Harbouring a deserter

Hertfordshire Mercury, 28th August 1915

Transcript

At Berkamsted Petty Sessions Nora Pheasant, of Long Marston, was charged under the Army Act with harbouring Corpl. Mackenzie, of the 12th Batt. Northumberland Fusiliers, knowing him to be a deserter, on August 2.  According to the police evidence, the young woman was keeping house for her mother, Nurse Pheasant, while the latter was away, and Mackenzie had been billeted at the house for a short time prior to going into camp at Halton, and been ‘walking out’ with the defendant.

When P.c.

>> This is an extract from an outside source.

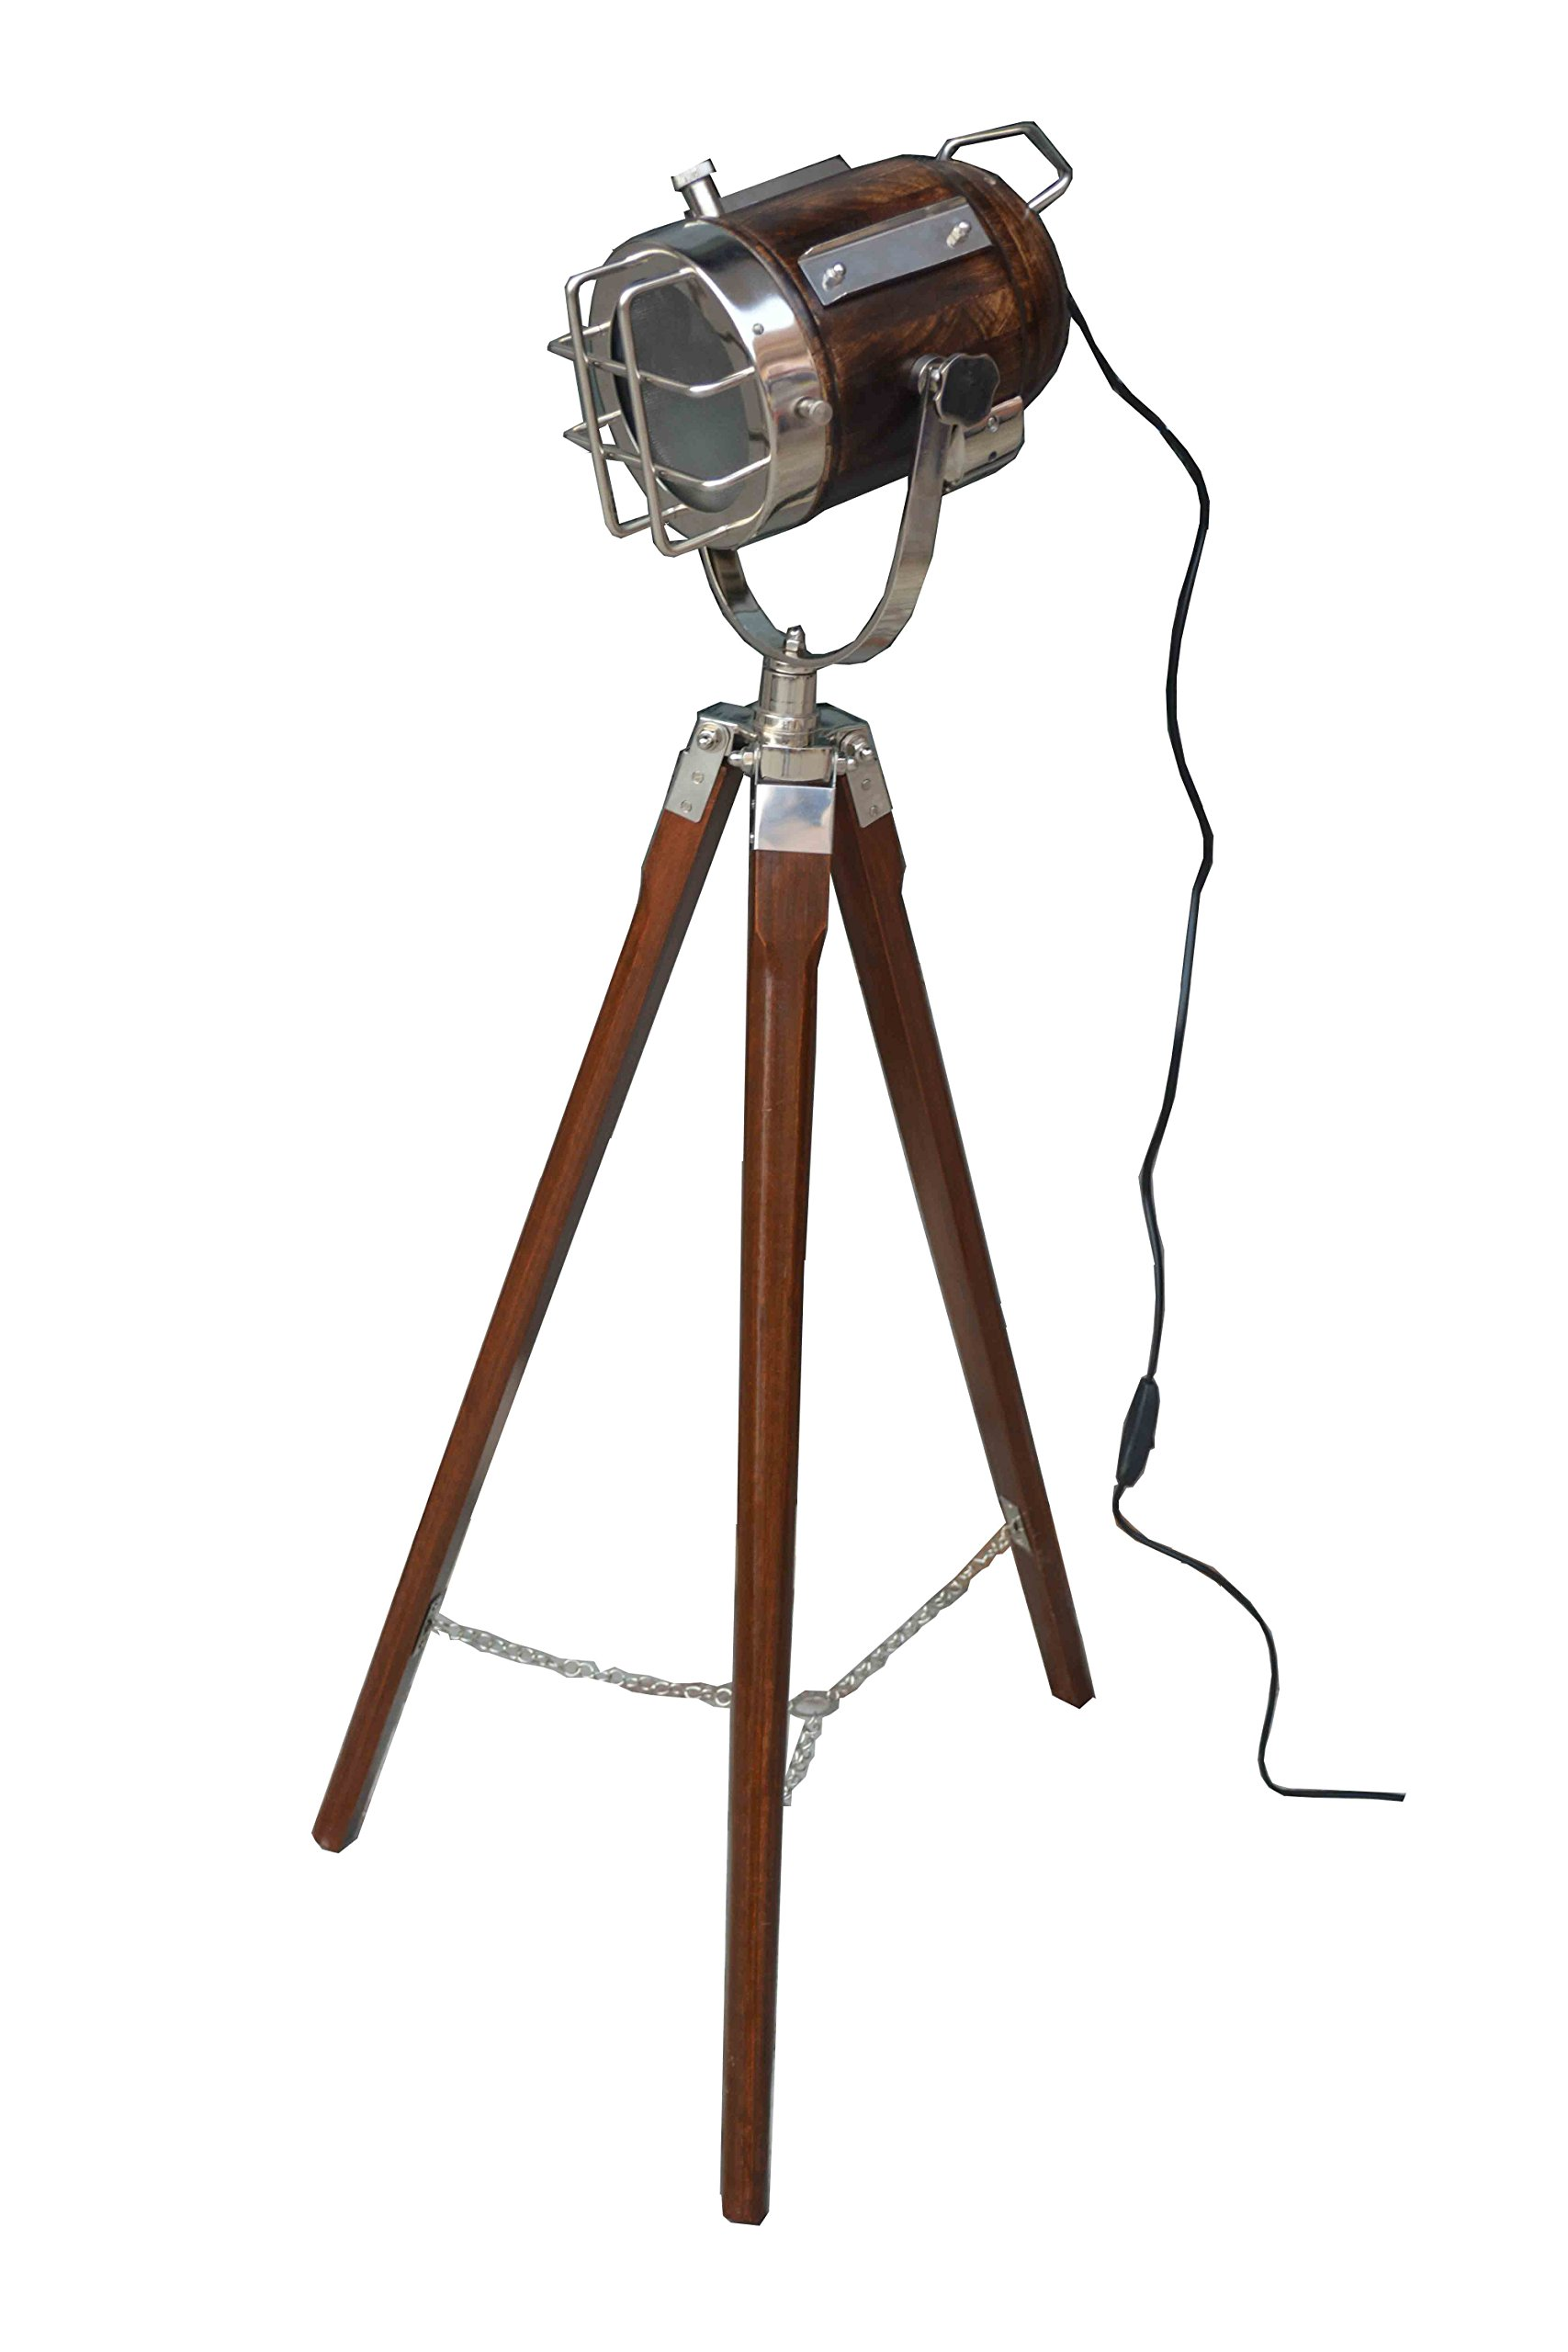 DESIGNER STUDIO FLOOR LAMP TRIPOD SEARCHLIGHT HOME DECOR LIGHT by Nautical India (Image #1)

King, of Wilstone, accompanied by a number of military policemen, went to the house on August Bank Holiday and asked if the Corporal was there, the young woman replied that he was not, and that she had not seen him.  After some demur, she consented to a search being made, and Mackenzie was caught by the military police as he was attempting to escape from a bedroom window in a partially clothed condition.  He was arrested and taken to the camp at Halton.

In answer to the Magistrates a Constable stated that the defendant had been warned on July 13 as to the seriousness of the offence if she harboured the Corporal, who, he believed, had been a deserter for three or four months.  The defendant stated that she kept company with the corporal before he was billeted at her mother’s house.  Some time after he had gone to the camp other soldiers told her that he had gone away, and later he wrote to her and said he was not now soldiering.  On the Sunday night before August Bank Holiday he came to the house and asked to stay the night.  She replied that it would get her into trouble, but the defendant assured her that it was all right.  She did not then realise the seriousness of the crime, or she would not have taken the Corporal in.

The Chairman said that she had knowingly screened the soldier after being warned, did her best to hide him, and told the police a lie.  It was a most serious offence, without any mitigating circumstances, and if the defendant had been a man she would have most certainly have been sent to prison.  Taking into consideration her youth and her circumstances, the Bench had decided to deal leniently with her and fine her £5, or in default of payment one month’s imprisonment.  The defendant asked for time to pay, and for the sake of her mother, who is the parish nurse, the bench allowed a fortnight.